Марина Каверзина
Интервью брала Любовь Красильникова.
Марина, расскажите, как начиналась Пушкинская, 10? Это был 89-й год?
История началась еще раньше, с подпольных выставок. Андеграунд — так это называлось. Это был цикл такой бурной жизни в Питере! Не представляете… Я иногда вспоминаю об этом и думаю, что меня какими-то счастливыми линиями жизни занесло в это питерское кипение. Мы тогда почти все побросали свои службы. Я, например, работала в театре — у меня была замечательная работа в Театре музкомедии. Я там работала художником-декоратором, да и вообще на все руки мастер. И я это все бросила. Все наши нынешние старожилы «пушкинские» — Ковальский, Юл Рыбаков, Боб Кошелохов, я — пошли работать в кочегары, кто-то в сторожа…
Для нас началось такое бурное время, такое интересное, такое яркое: поэтические вечера, философские чтения, неортодоксальные, естественно, перформансы, выставки — порой скандальные. А скандалы были каждый раз, каждый раз приходили из КГБ, пальцем тыкали в какие-то картины и объявляли, что если их не снять, то все — выставка не открывается.
Издавался совершенно великолепный подпольный альманах «Часы»: знаменитый Борис Иванович Иванов — главный «часовщик». Там издавалась поэзия Шварца, Ширали, Кривулина… Проходили концерты рок-групп — еще молодых, бесперых гениев. «Аукцыоны» молодые, молодой БГ, только-только приехавший Шевчук в драных носках плясал по сцене, и от него в зал энергия шла раскаленными волнами — вот такое было время… совершенно замечательное!
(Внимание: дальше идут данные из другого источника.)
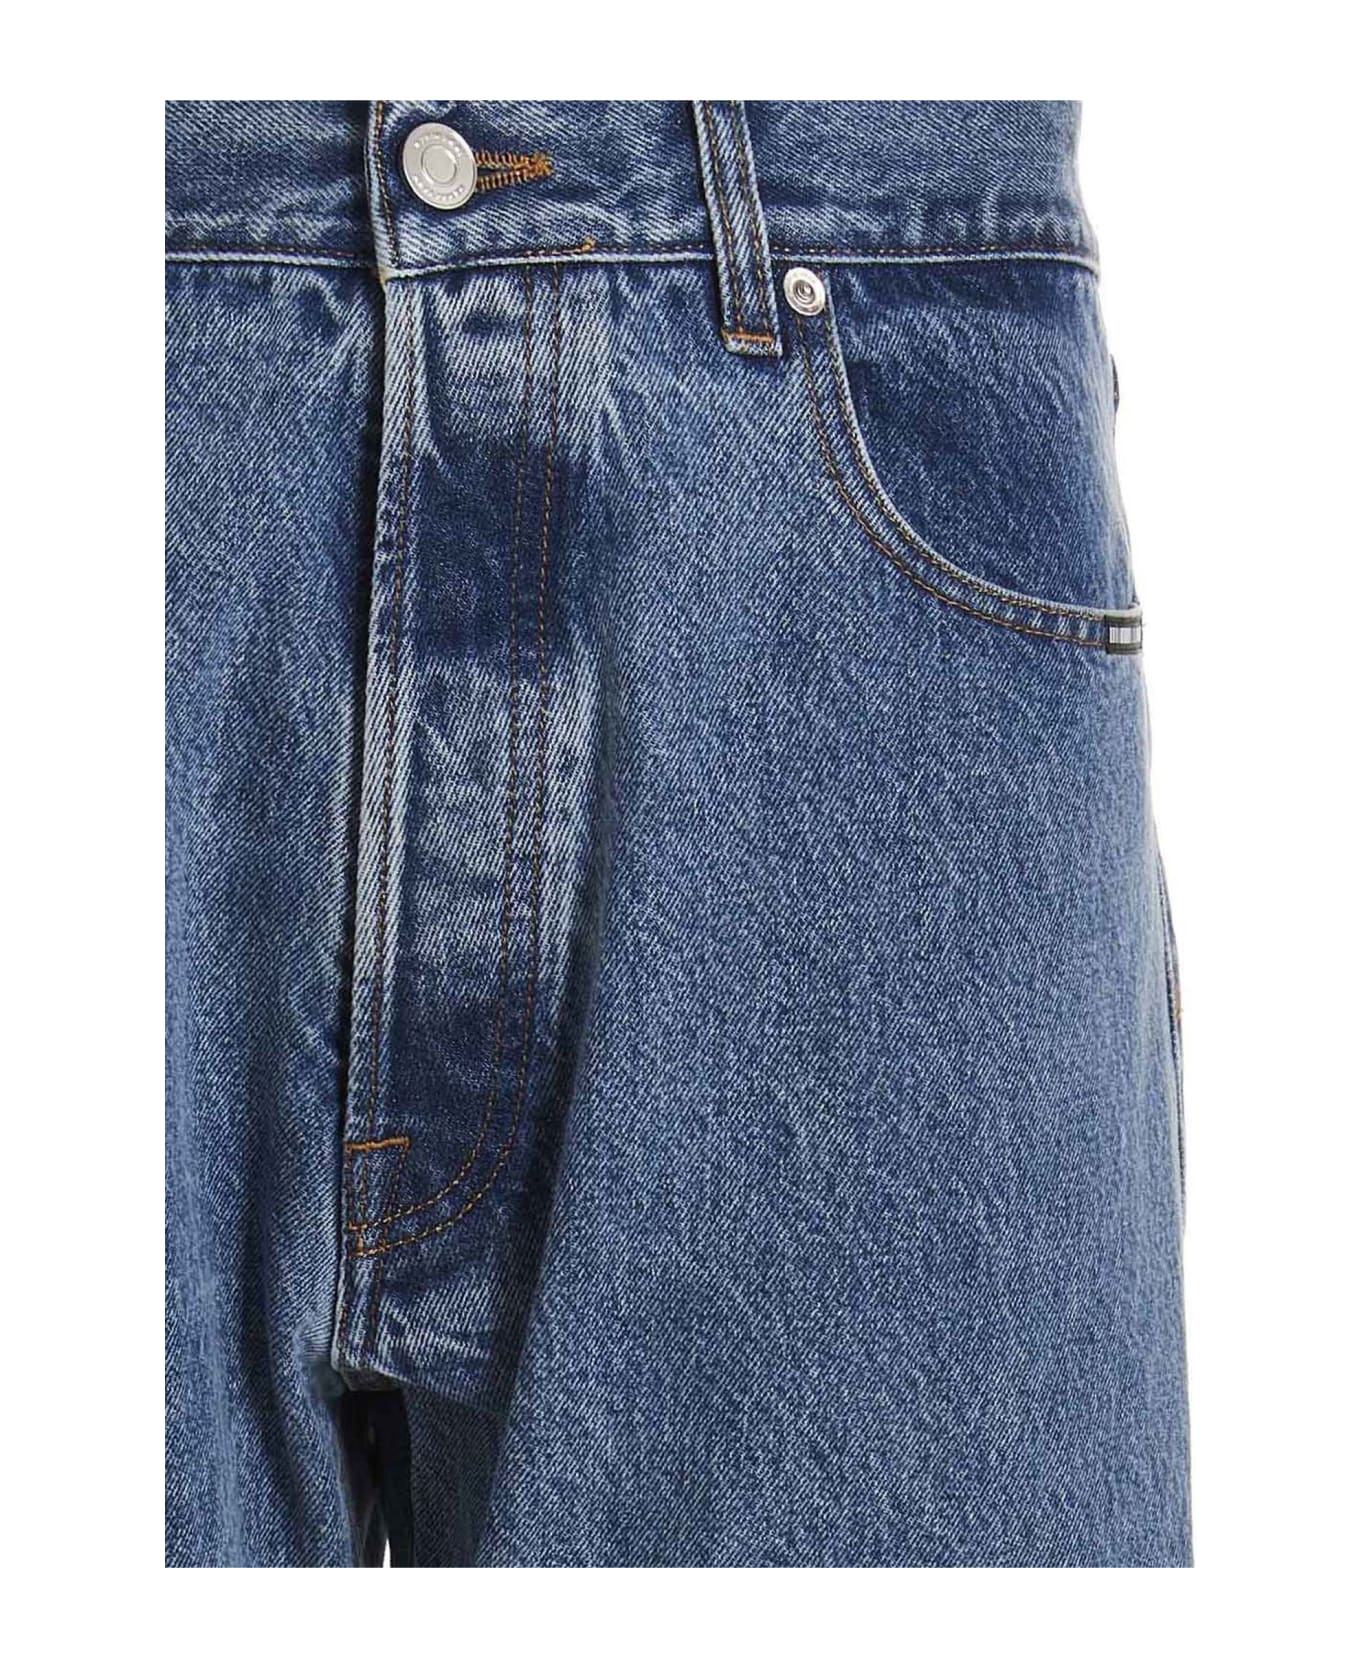 VTMNTS 5-pocket Jeans - Blue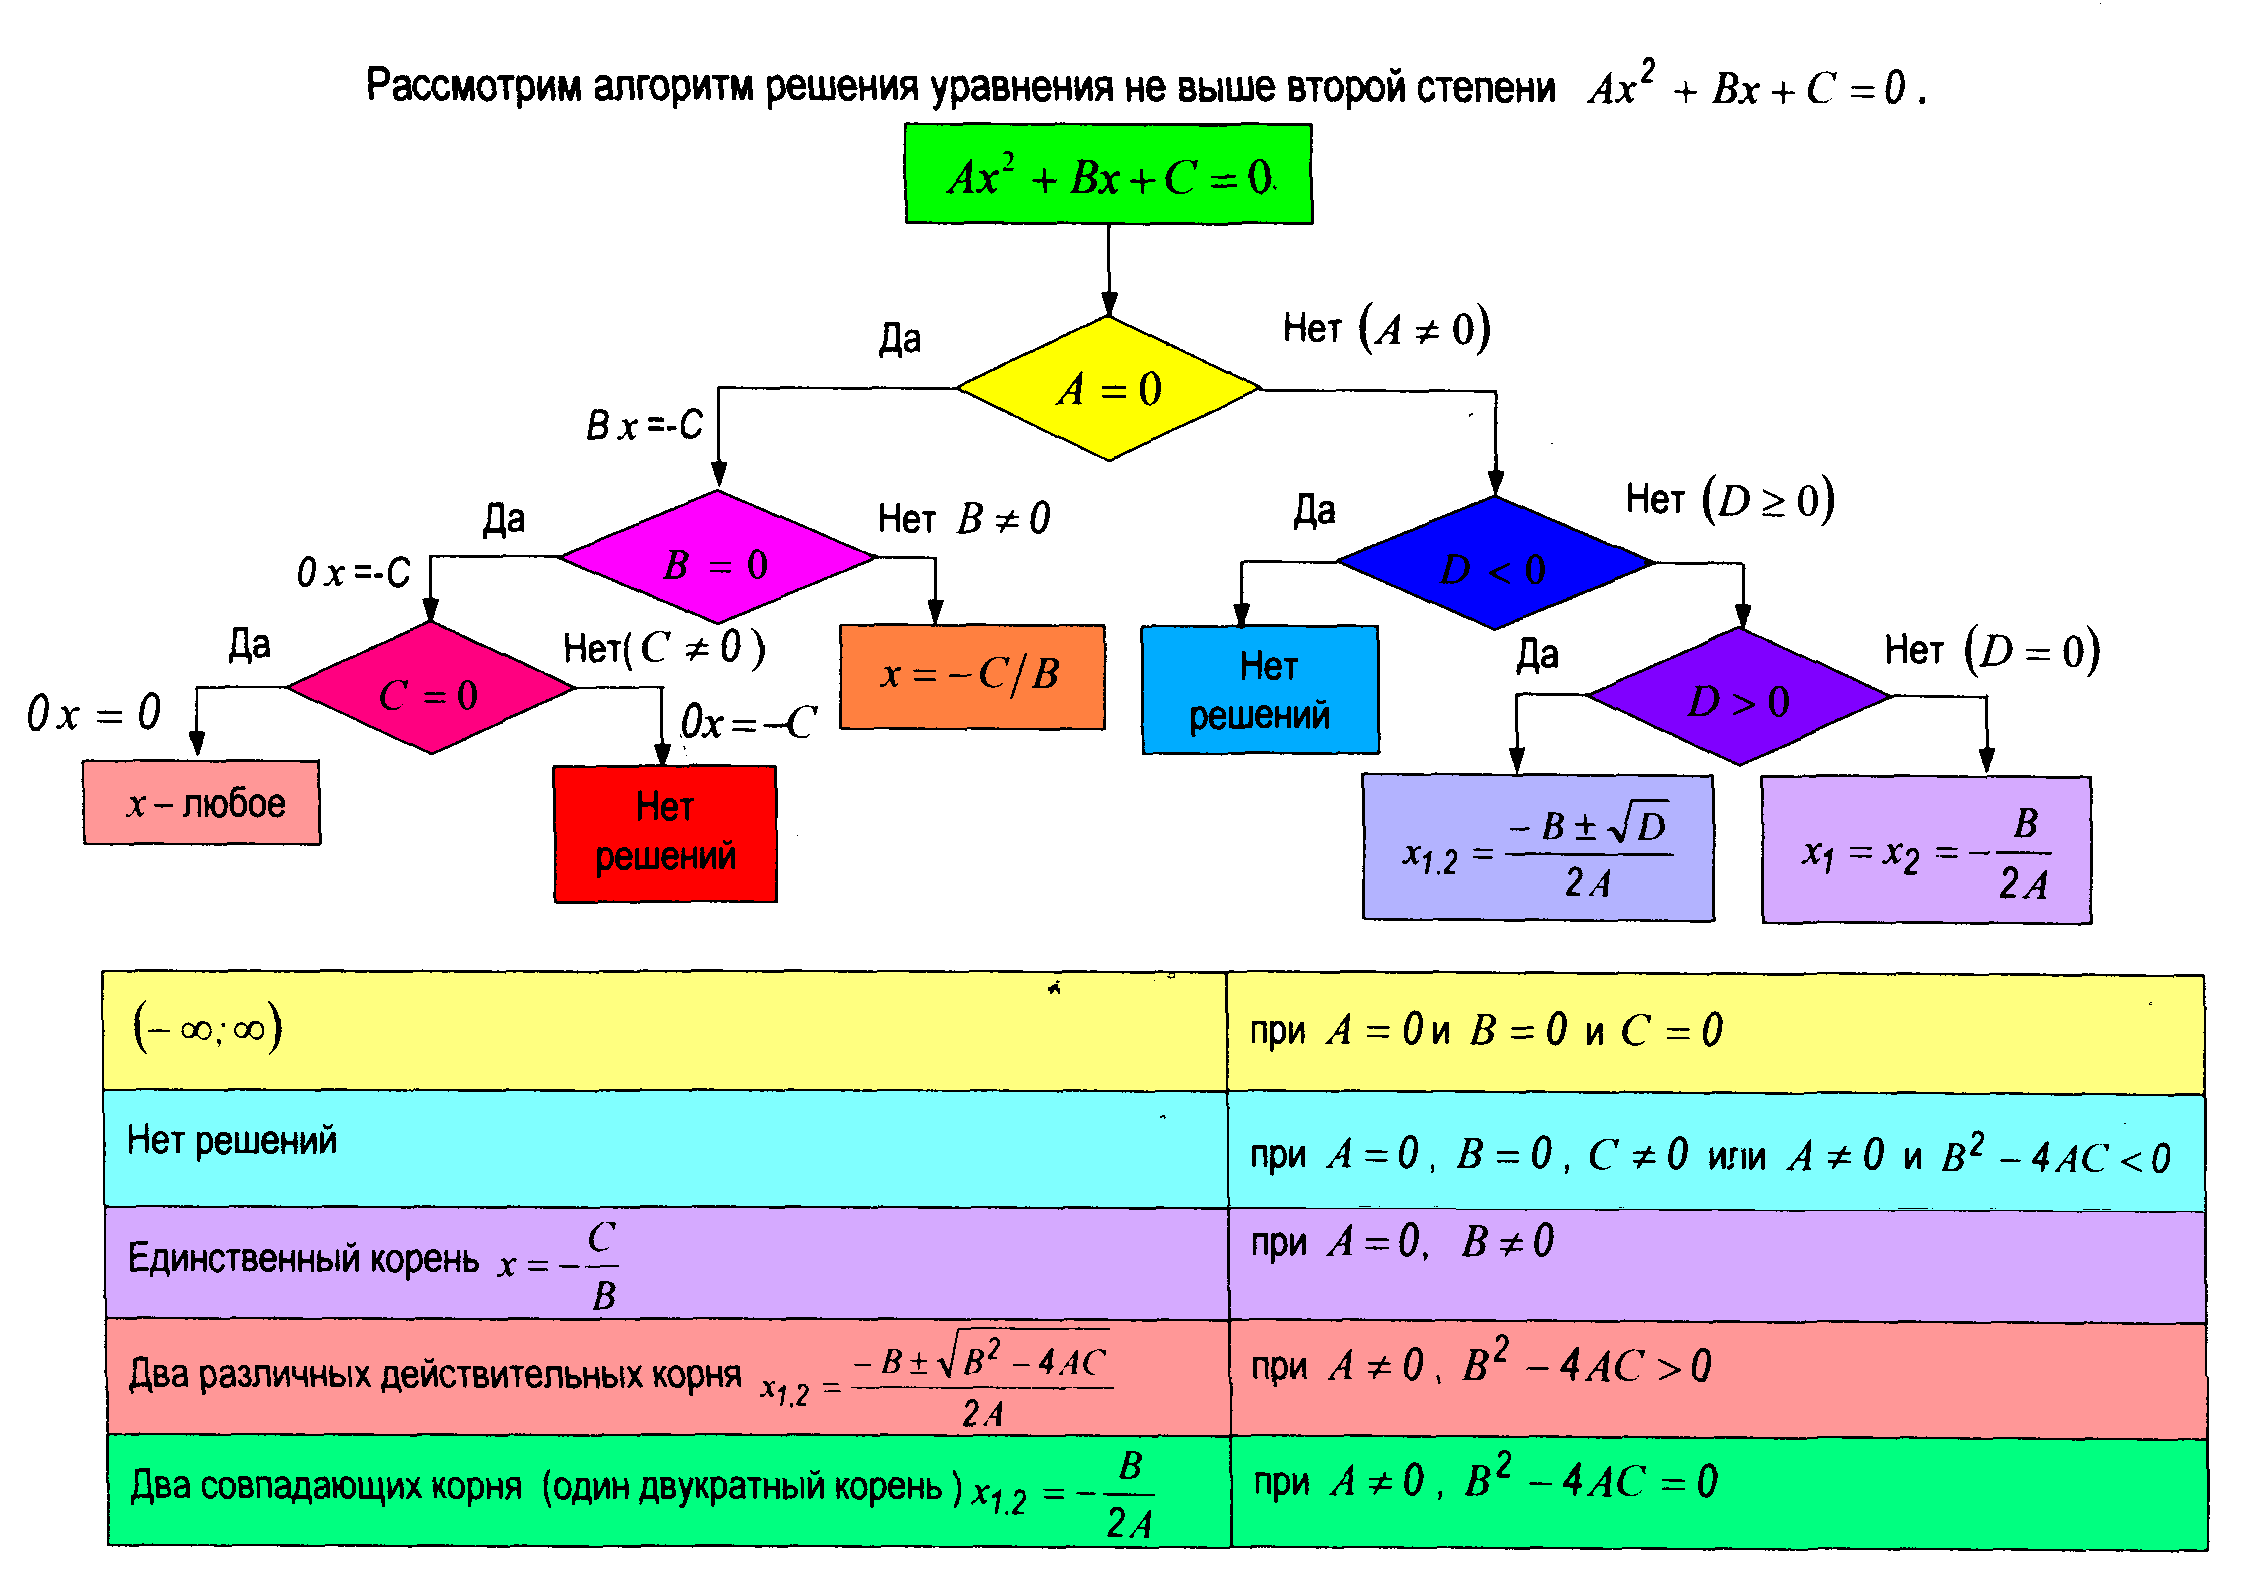 Алгоритм решения параметра

Художники и музыканты тогда уже знали, для какой аудитории они это делают?
Такой определенной аудитории не было. К нам самые разные люди приходили. Потому что информации, в общем-то, было достаточно — для тех, кто был сориентирован своим сознанием, мышлением. На концертах были самые-самые разные люди. Так же, как и на выставках…
Вот я никогда не забуду: была гигантская выставка в Гавани, в павильоне, морозы и бури, каждый день минус двадцать. И каждый день на улице стояла гигантская очередь — самые разные люди: пожилые, средних лет… То есть тогда у аудитории была такая потребность в новой информации, в каких-то новых волнах…
Я сама один раз стояла долго в очереди на выставку в ДК им. Газа. Хорошо помню эту очередь и людей, которые там стояли. Я тогда еще не участвовала в выставках, позже начала.
Люди на выставках подходили, высказывали свое мнение?
Да, очень часто. Иногда после выставок устраивали обсуждения. И вопросы бывали разные, иногда совсем какие-то забавные. А я вот, например, очень давно обнаружила, что люди, которые по всем канонам образованности, ориентации в знаниях и восприятии культуры должны считаться абсолютно невежественными, порой очень точно и совершенно неожиданно воспринимают живопись.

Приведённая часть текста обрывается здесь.